*Task*.
Exclude the pictures. Transcribe exactly, and only, the lines from the one holding "2 - rochie eleganta, bleu, rips, negru, contrast" to the end of the material below.

*Recorded data*.
++++++

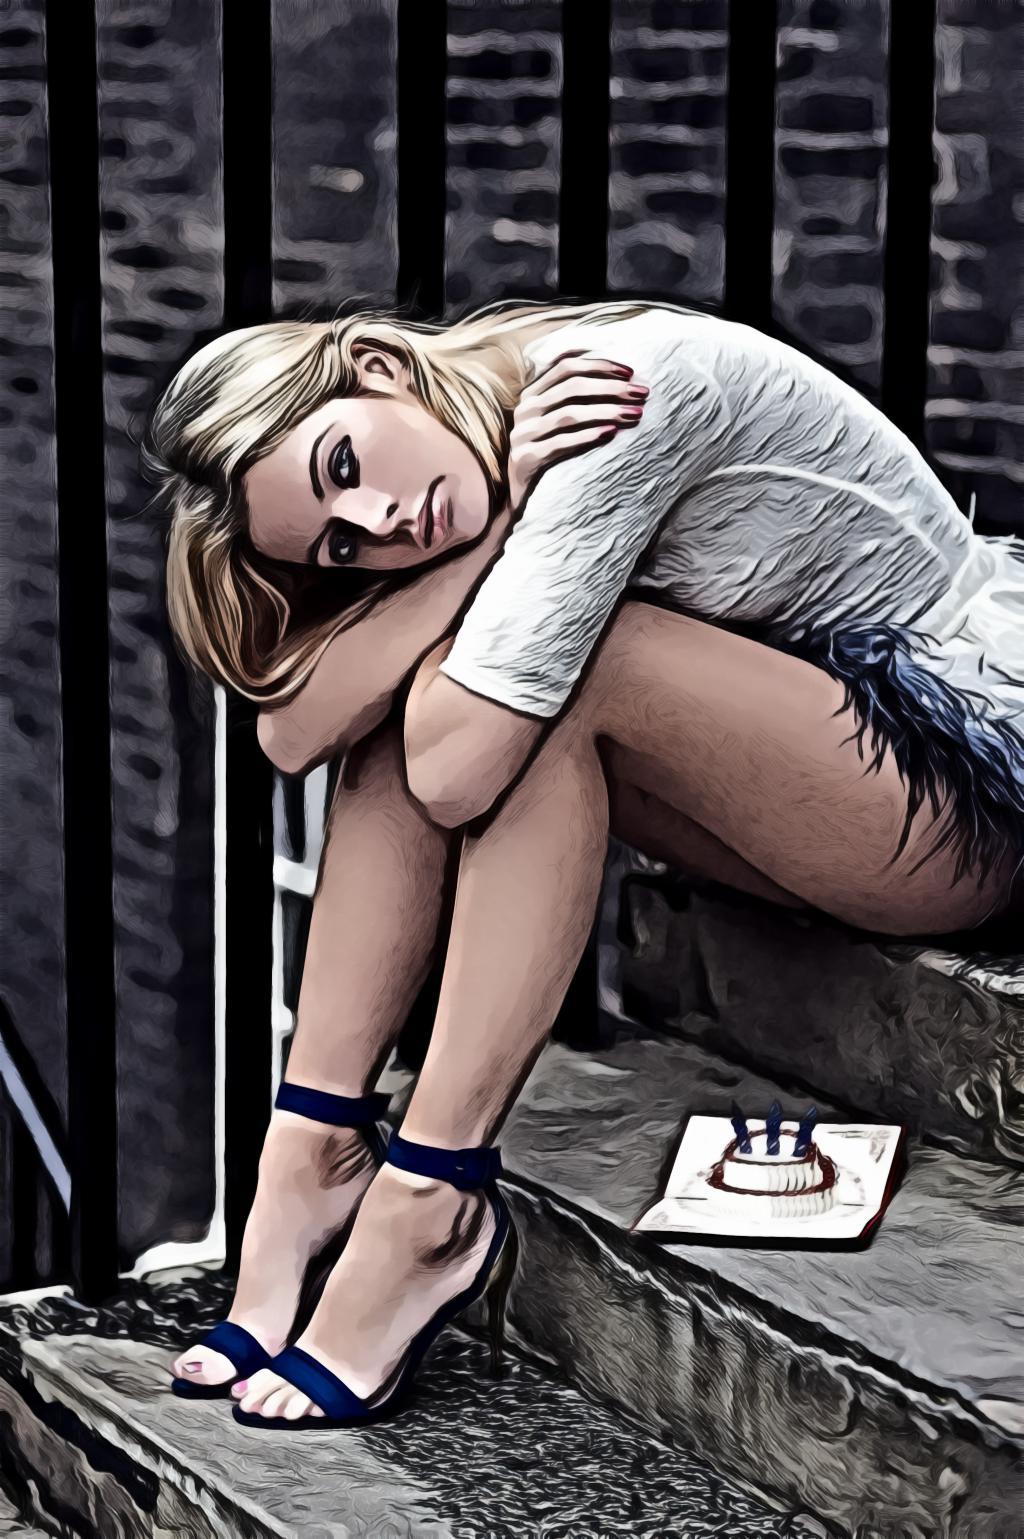 Woman wearing blue high heels
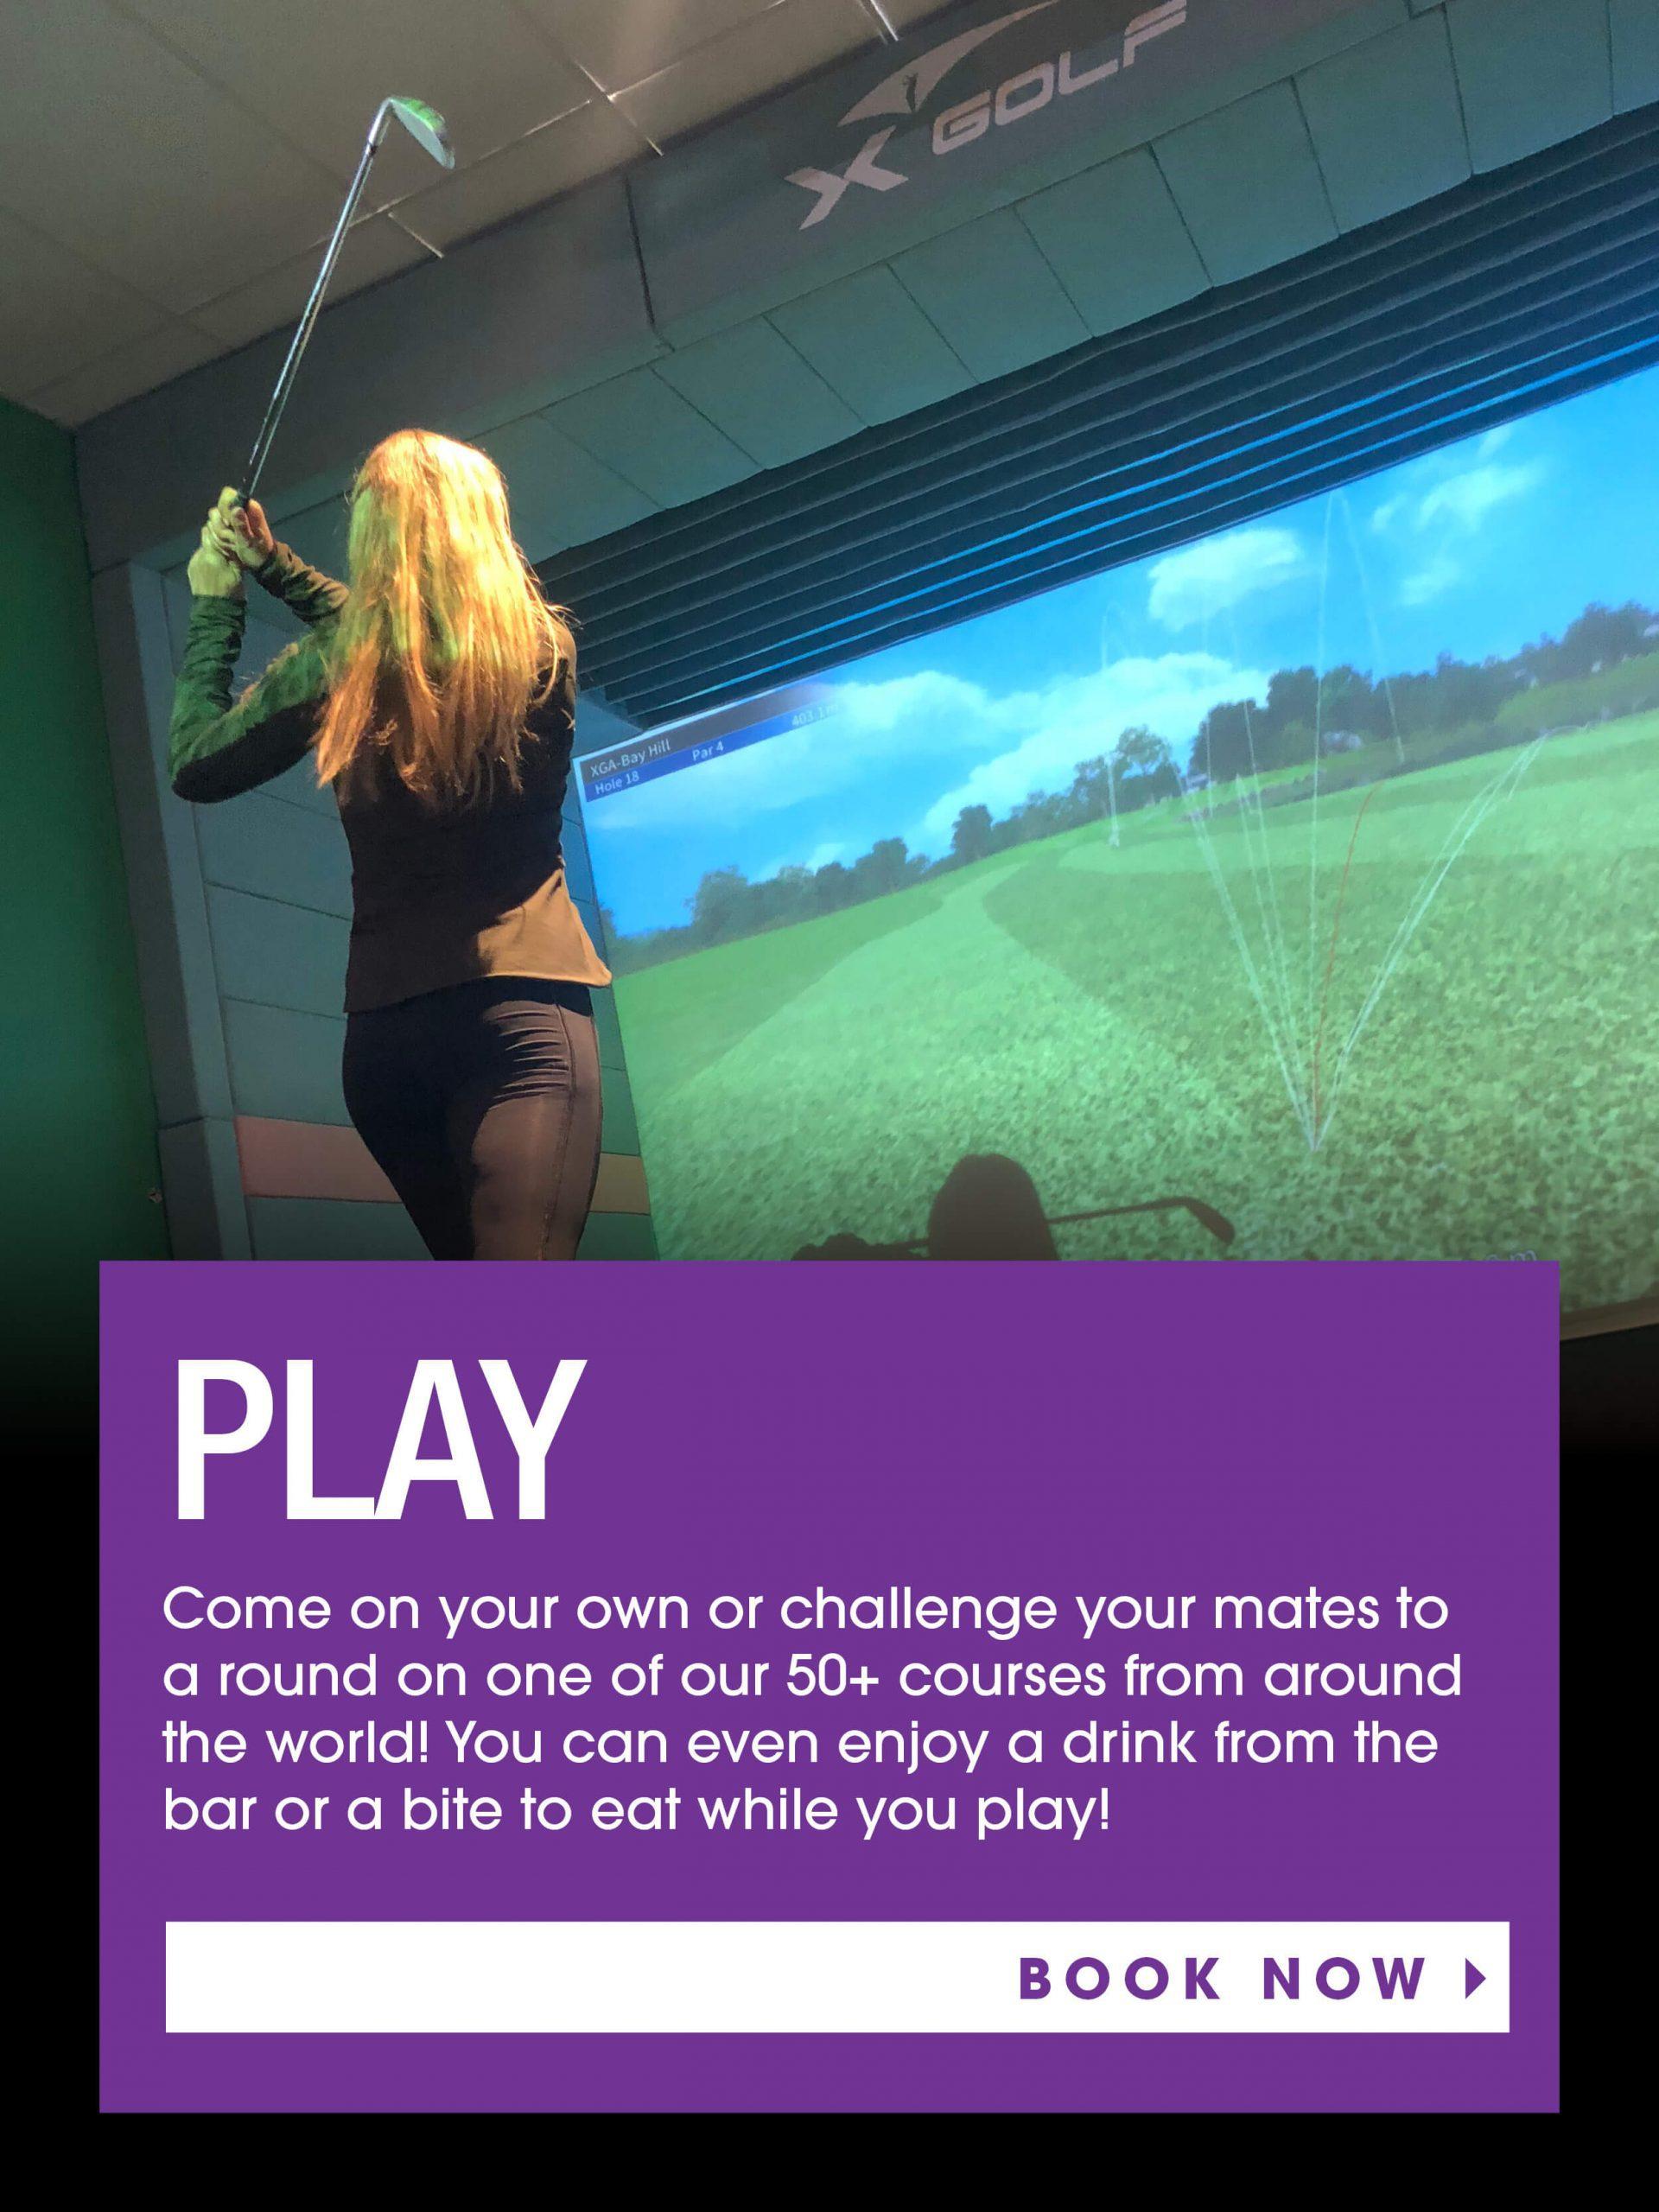 X-Golf Simulators Book Now
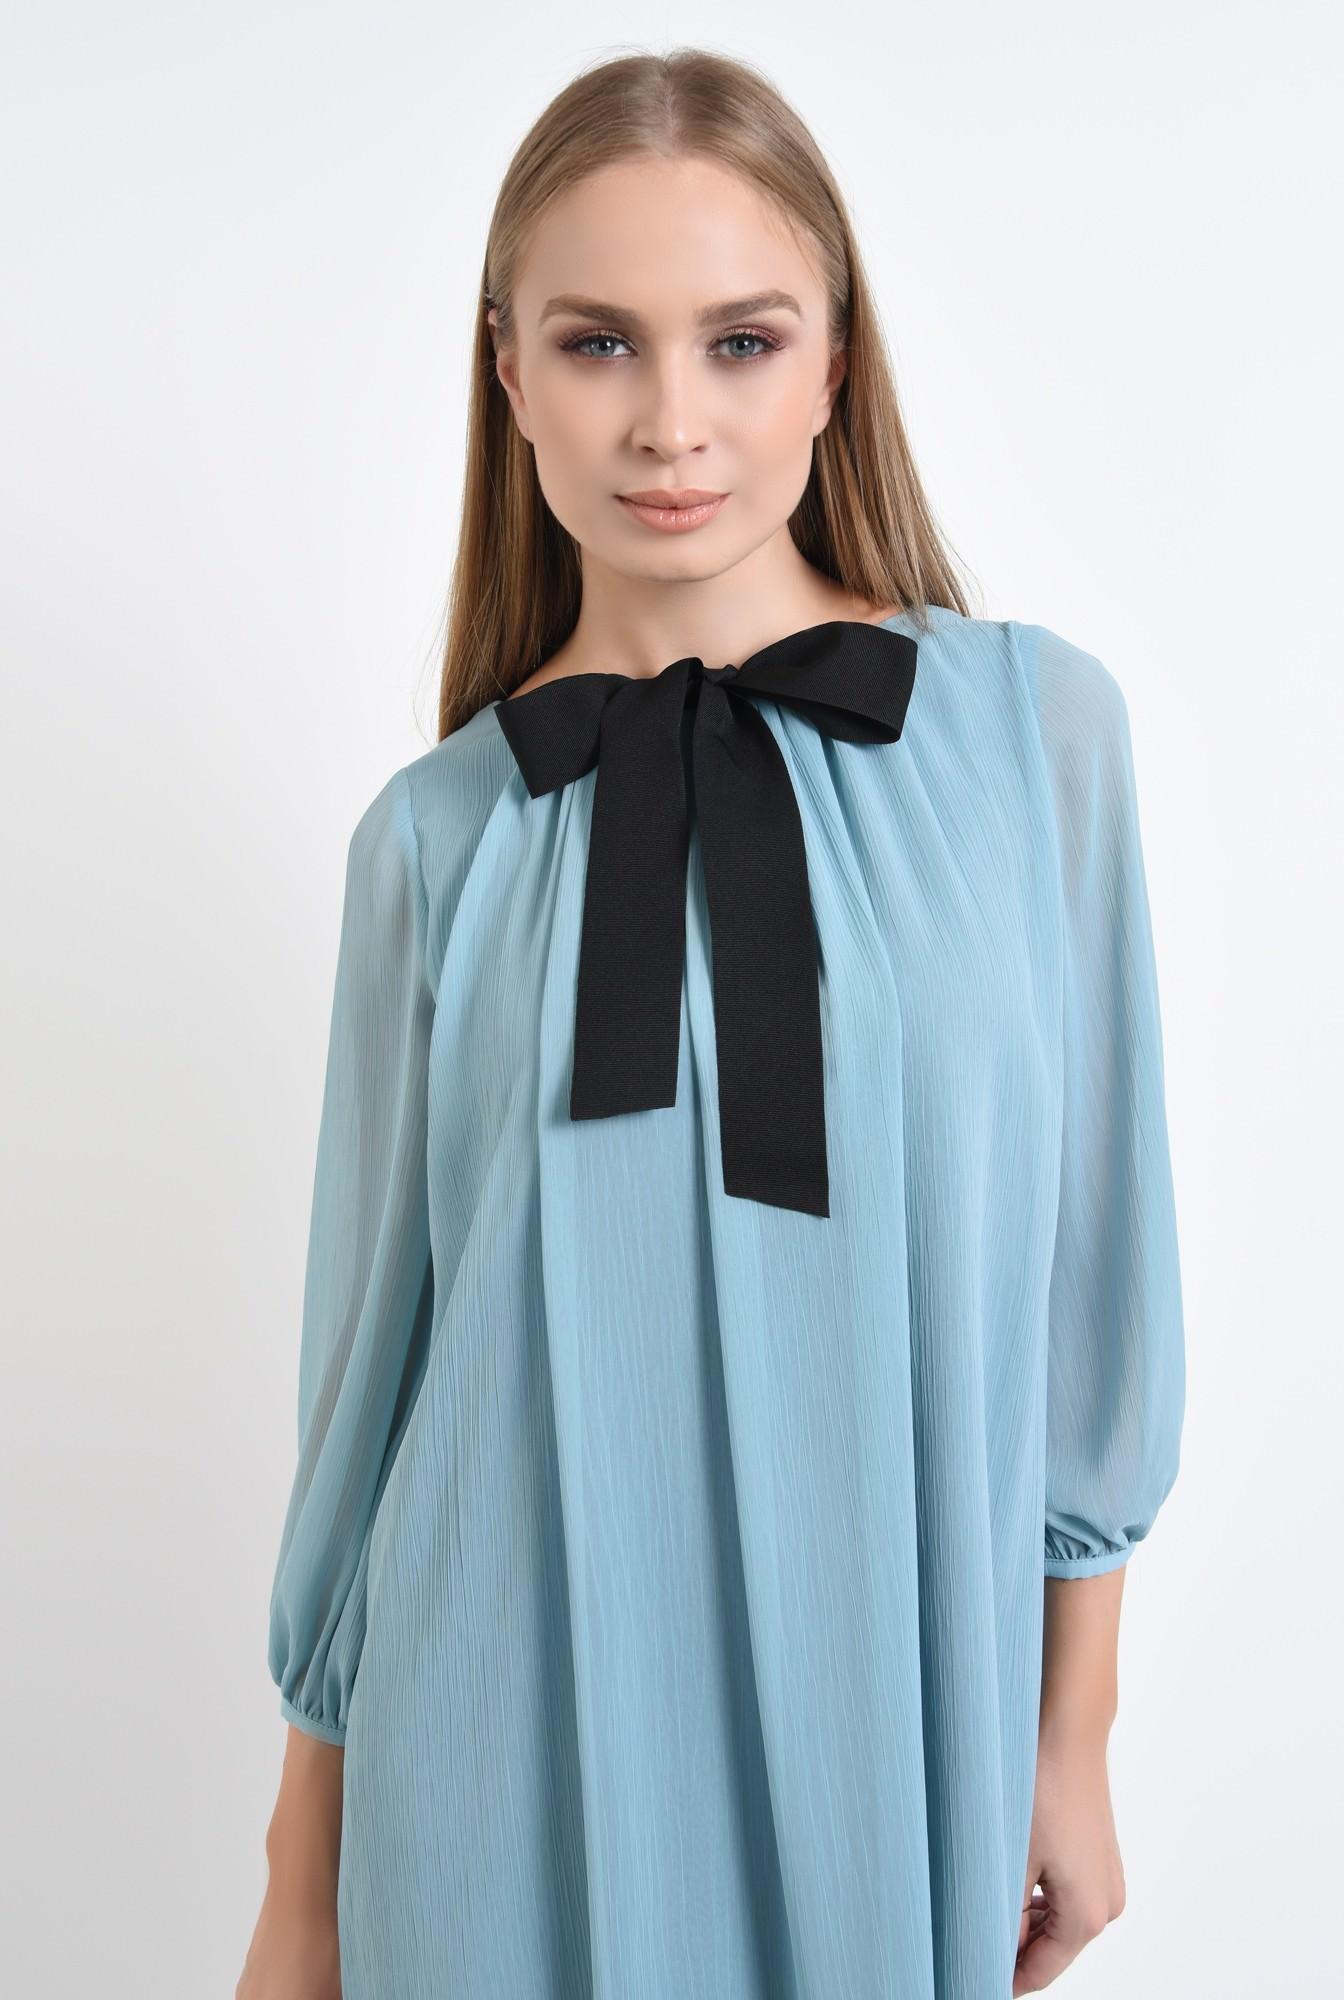 2 - rochie eleganta, bleu, rips, negru, contrast
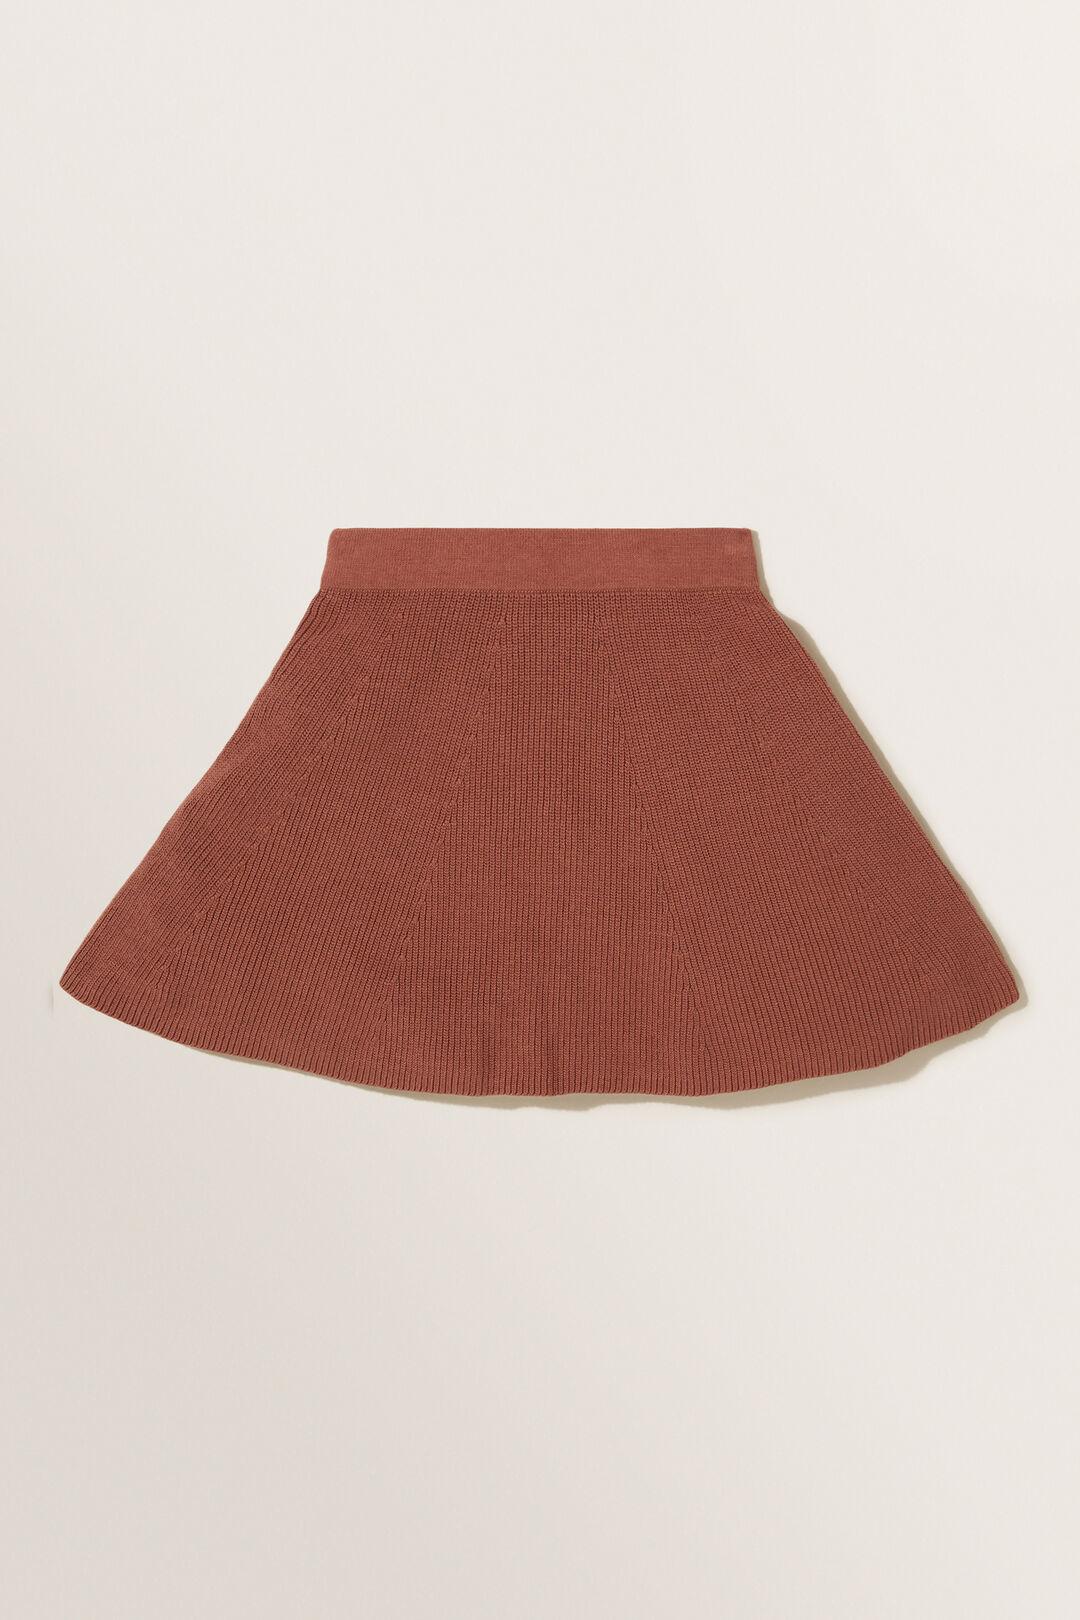 Knit Skirt  Cocoa  hi-res

++++++

*Task output*.
 2 - rochie eleganta, bleu, rips, negru, contrast
 Knit Skirt  Cocoa  hi-res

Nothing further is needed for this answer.